In some examples of the presently disclosed subject matter, the method also comprises introducing into at least one monolayer edible fat.

In the context of the present disclosure, when referring to edible fat, it is to be understood to encompass animal free fat and yet that is suitable for imitating animal fat. In some examples, the edible fat is plant derived fat.

In some examples, the plant derived fat is a food grade oil, fat and/or triglyceride.

In some examples of the presently disclosed subject matter, the method also comprises introducing into at least one monolayer an edible gel. Once all monolayers are applied, the multi-layered product can be subjected to post construction processes. These include, without being limited thereto, press in cartridge or in a mold, marination, thermal treatment (e.g. light cooking), compactization, subjecting to negative pressure, curing etc.

In some examples of the presently disclosed subject matter, the multi-layered product is subjected to compactization and curing via vacuuming in a bag, e.g. plastic bag, at about 5mBar

In some examples of the presently disclosed subject matter, the multi-layered product is stored at temperatures below room temperature, e.g. -4°C or below, at least overnight.

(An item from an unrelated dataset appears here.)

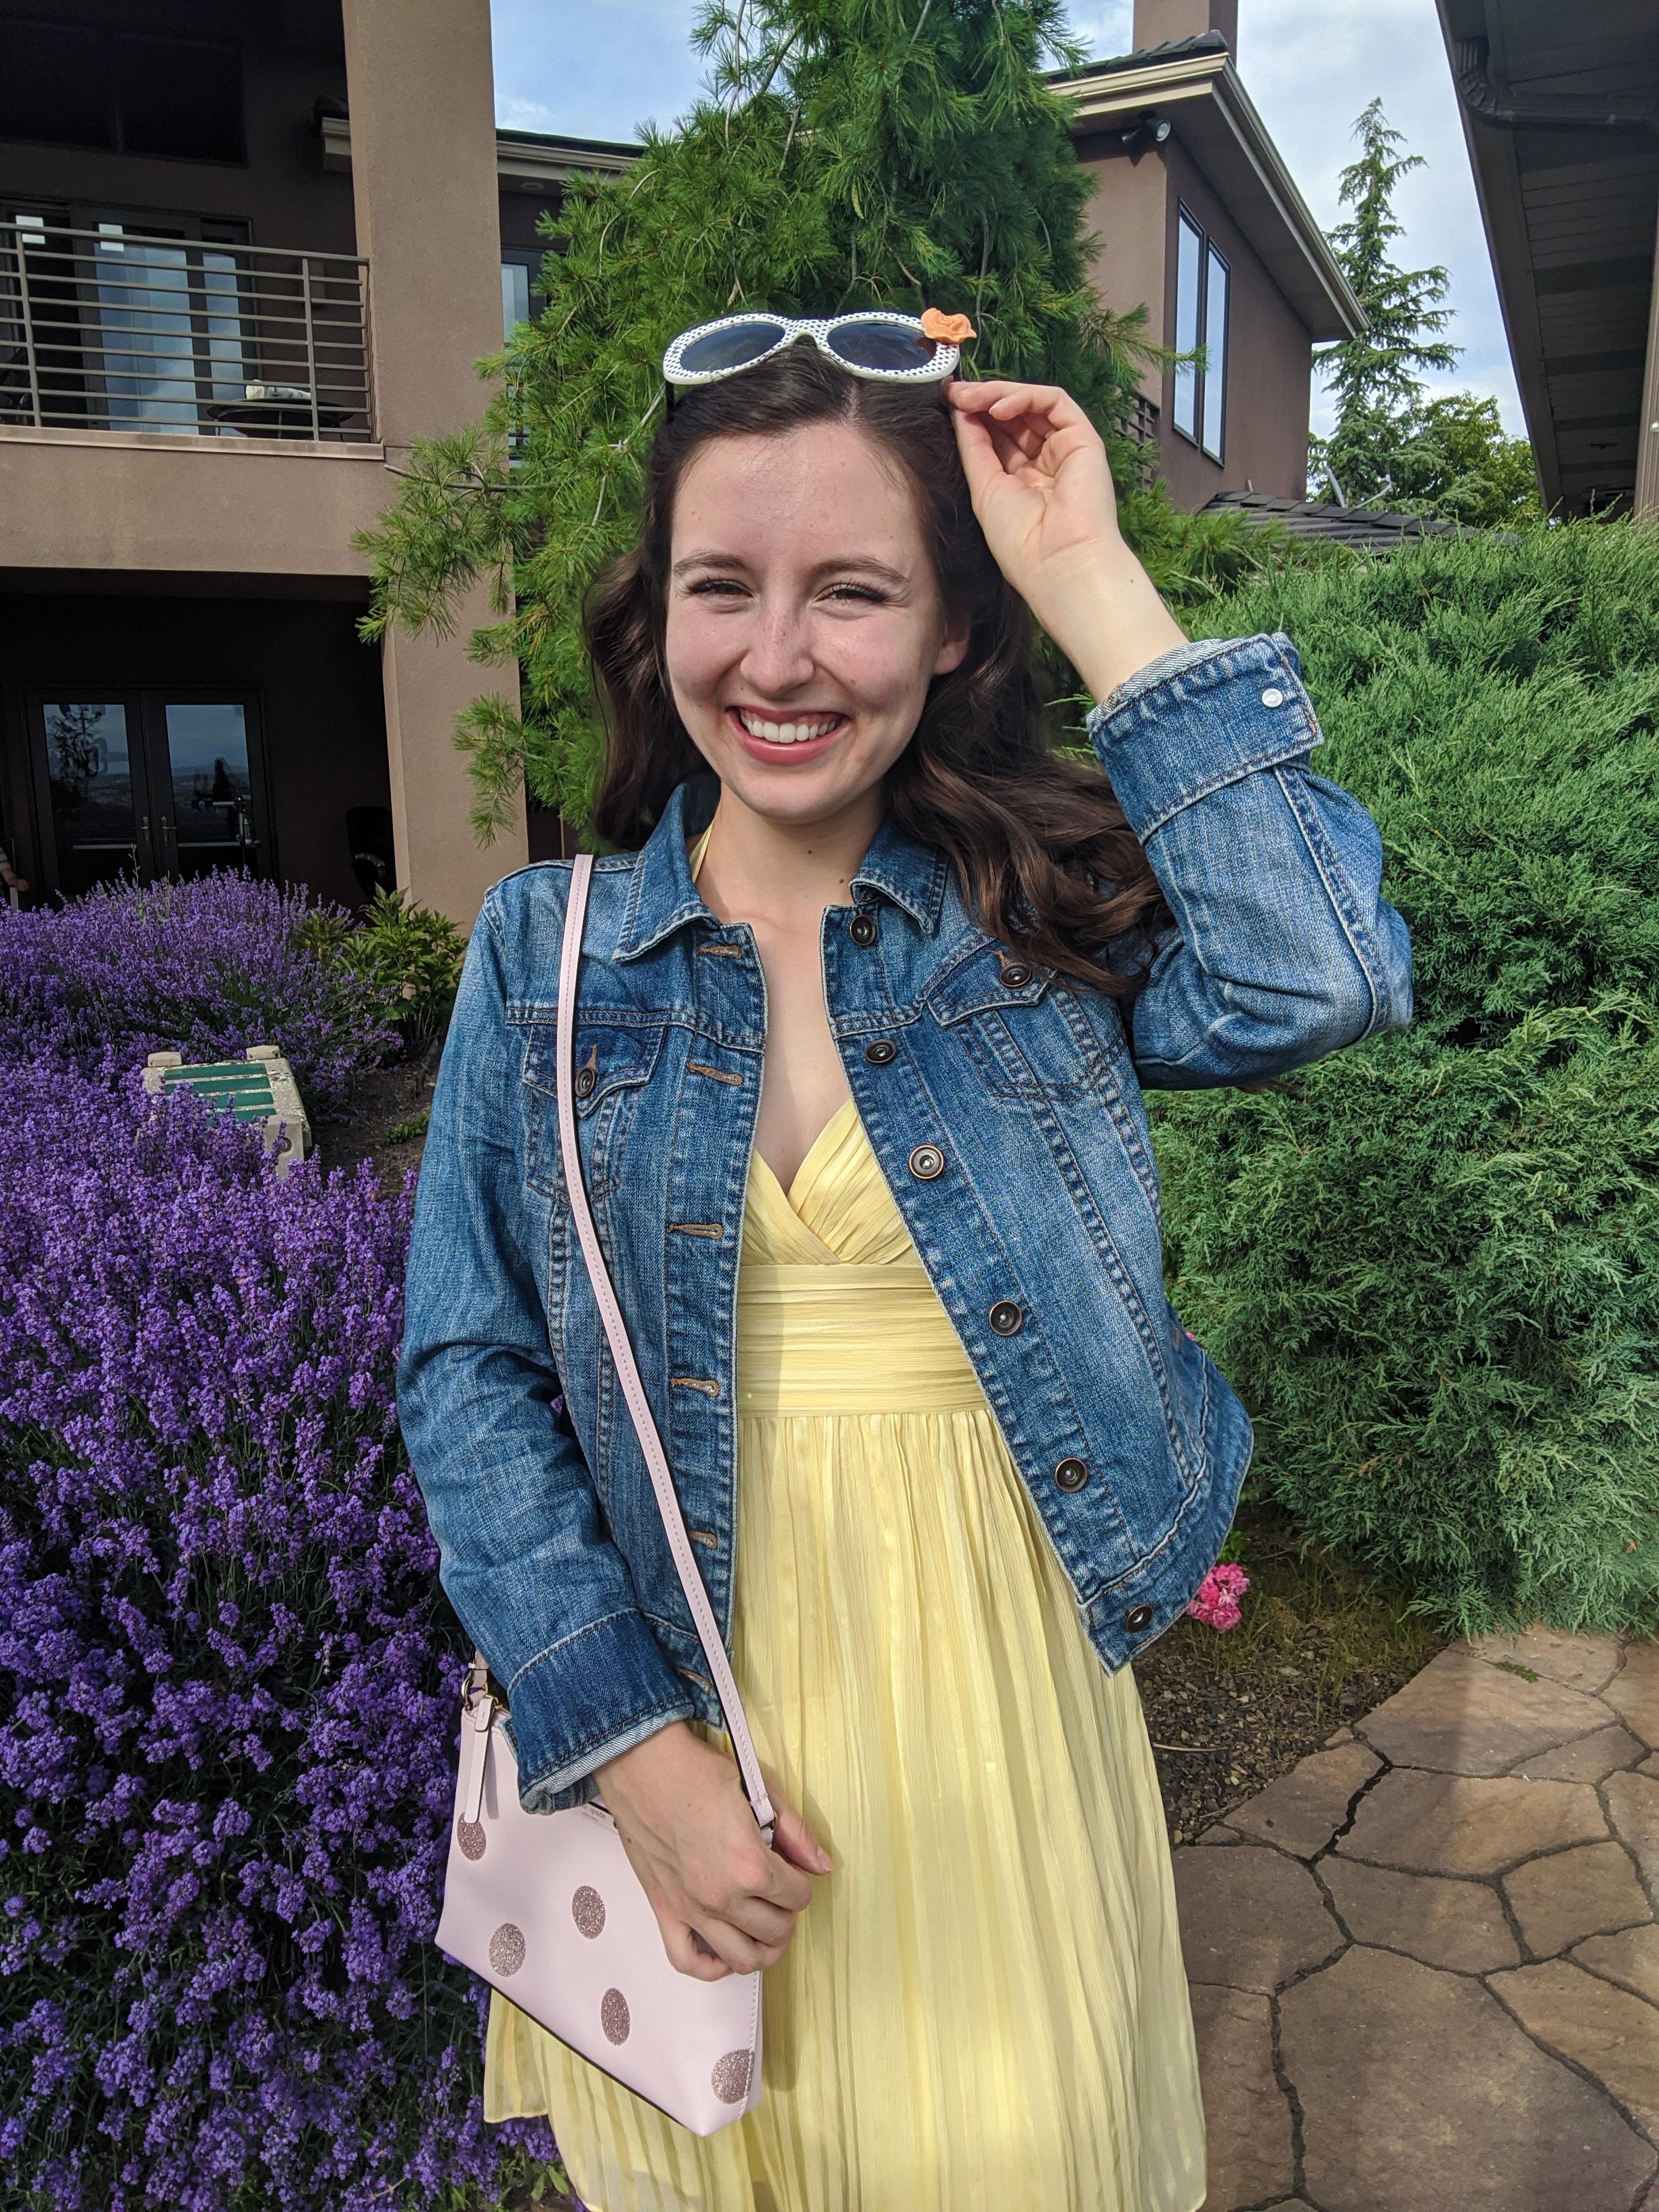 polkadot-sunglasses-yellow-dress-pink-kate-spade-purse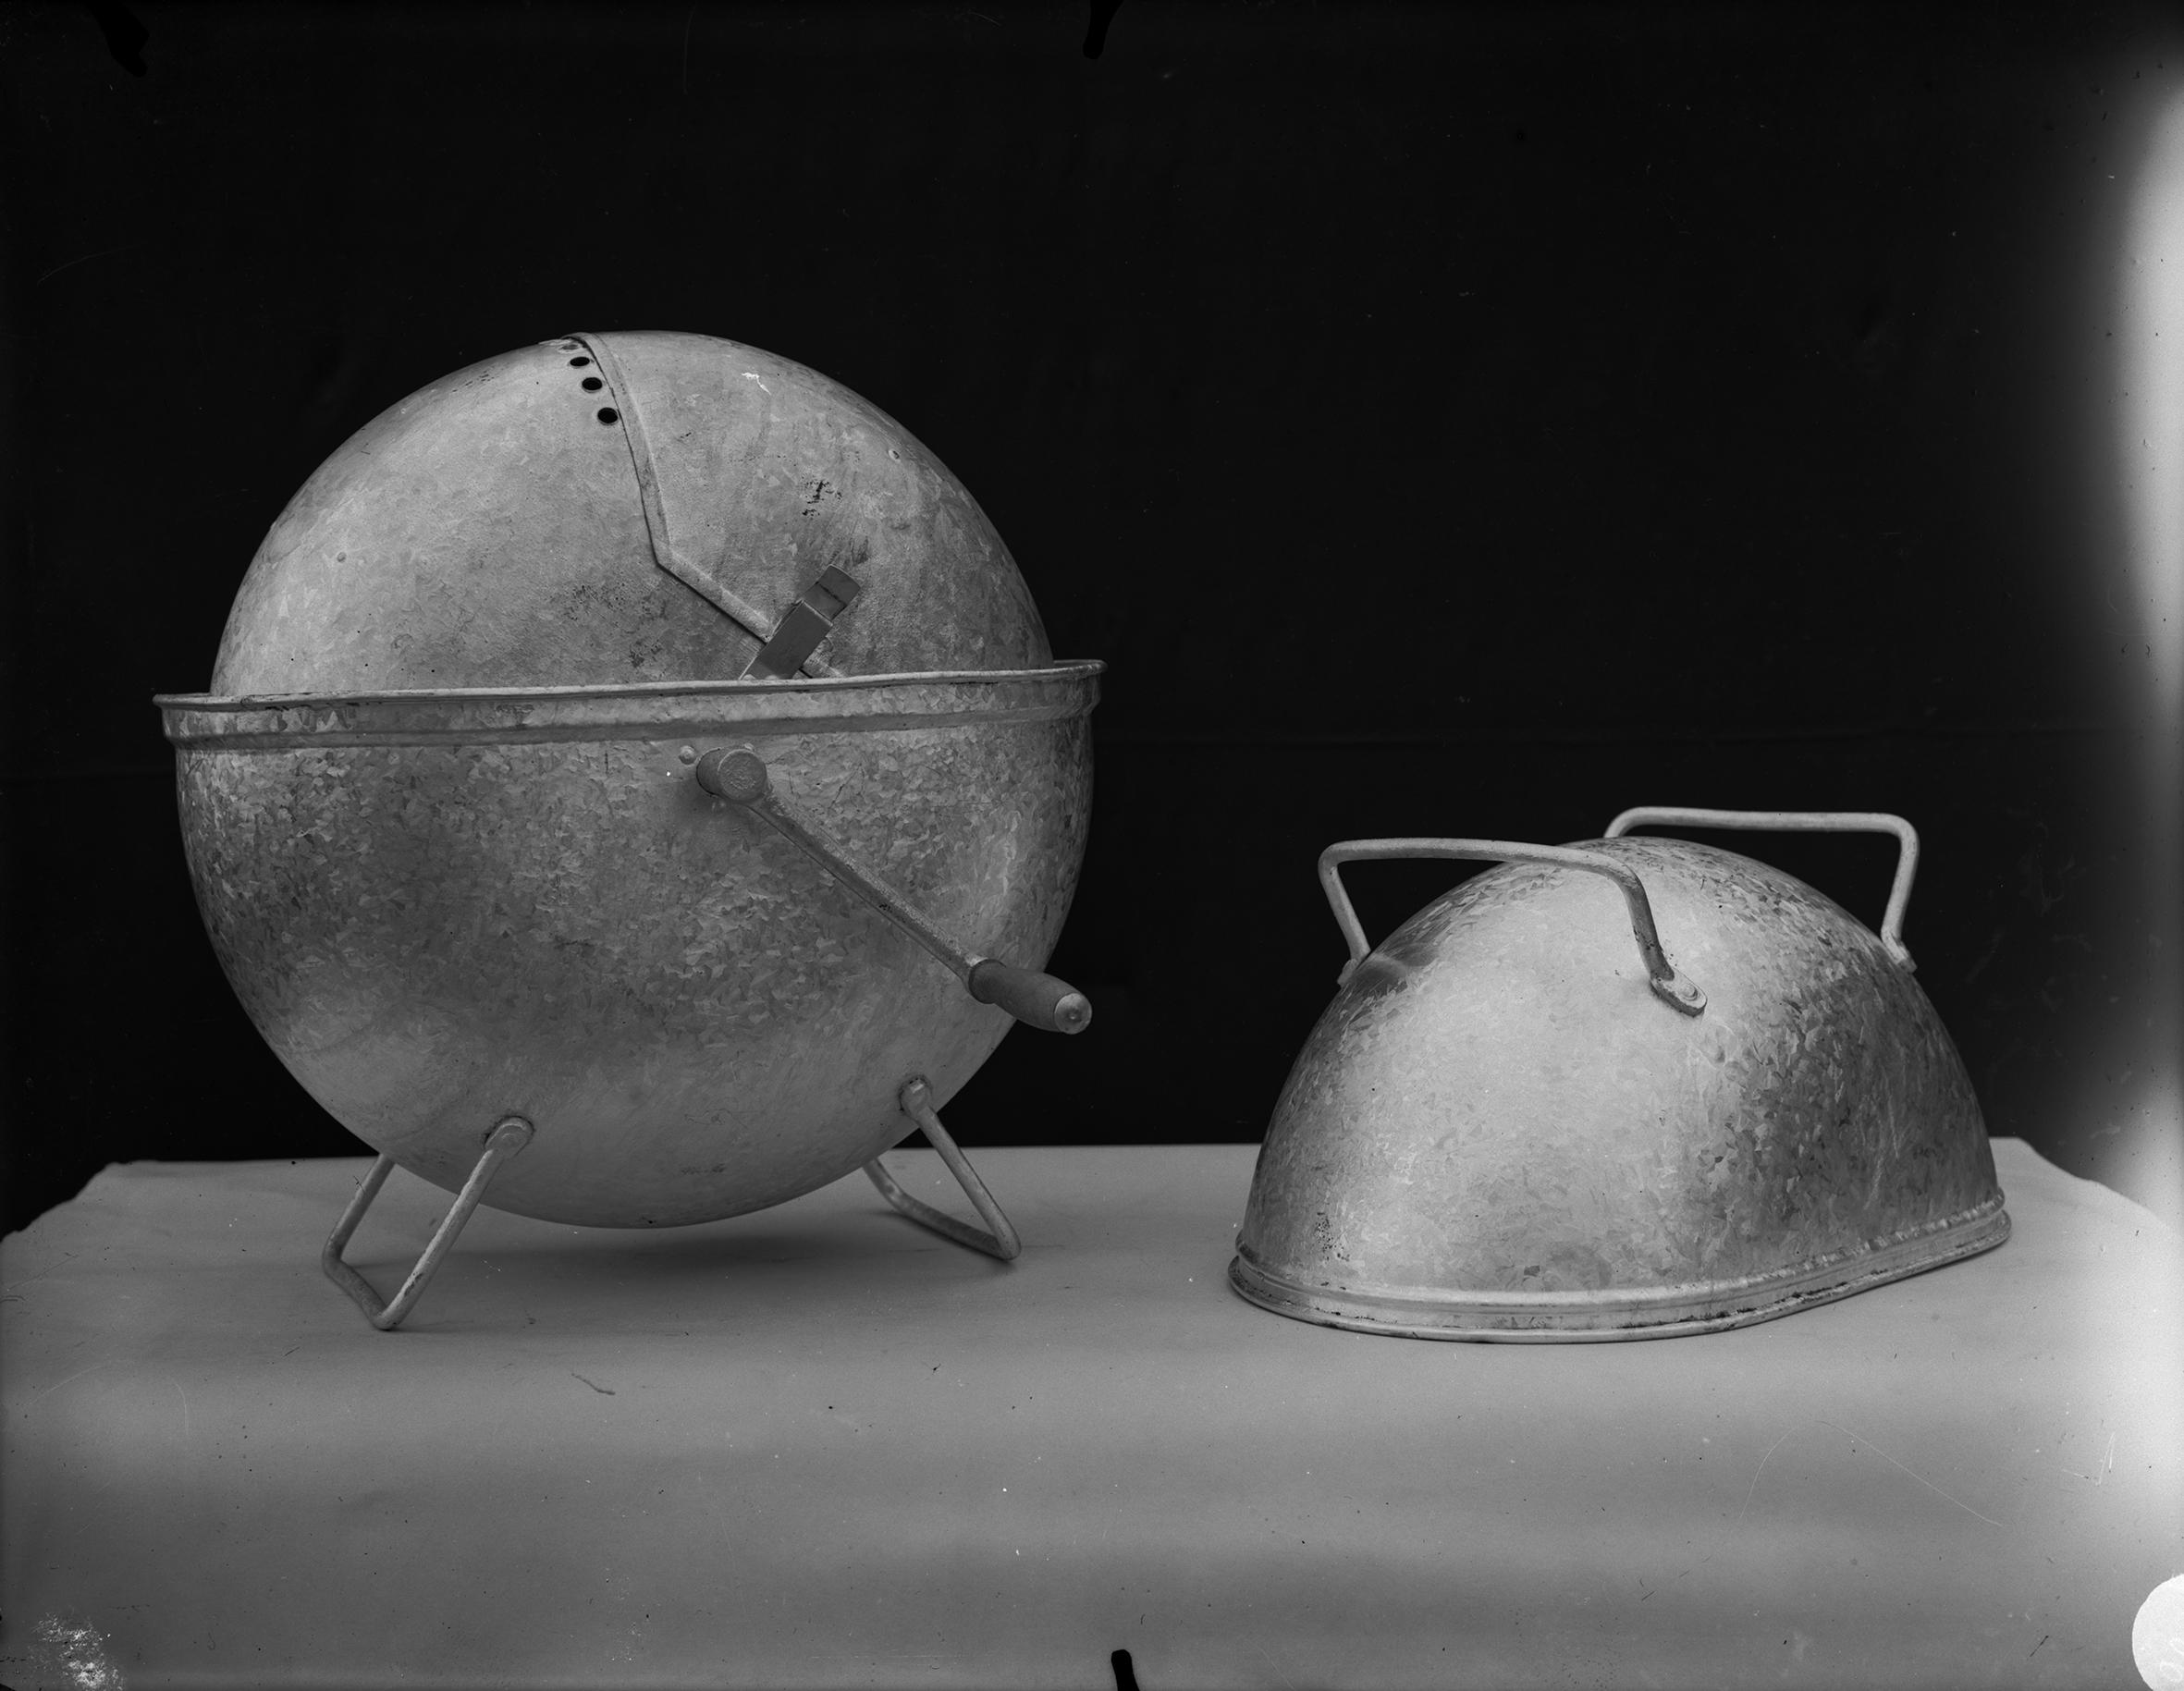 国家科学与工业研发办事处,于勒-路易斯·布雷顿的洗衣机(小模型),1925年3月26日。现由法国国家科学研究中心收藏,B_5536。

In some examples, parameters of the presently disclosed method can be manipulated by properties of the TVP and/or the binding composition.

In some examples of the presently disclosed subject matter, the method parameters can be dictated by characterizing the hardness of a 20mm cubic specimen produced from bonded rehydrated Whole TVP strands.

Specifically, LLOYD TP A instrument equipped with a 1 KN or 100 N load cell connected to a flat metal plate at the upper fixture and a flat metal bottom fixture can be used, where a 20mm cubic test specimen is placed at the center of the bottom plate, so that the upper plate is oriented at the center of the test sample. The test was performed at 50mm/min speed until the upper plate reaches 50 % of the sample’s height.

The compression test results obtained on 20mm cubic specimens from exemplary TVP extrudate and different binding compositions are provided in Table 2.

Specifically, the parameters were tested on cubic specimens prepared from a multilayer product produced as described herein (the alternative product). The products differ in at least one of the TVP sources (TVP type), Whole TVP Strand dimension and type of adhesive. The multilayer products were cooked on a pan to reach 70°C at its core. Each cooked product was then cut into cubes of 20mm³ with different sources of TVP, different adhesives and/or different Whole TVP Strand thickness.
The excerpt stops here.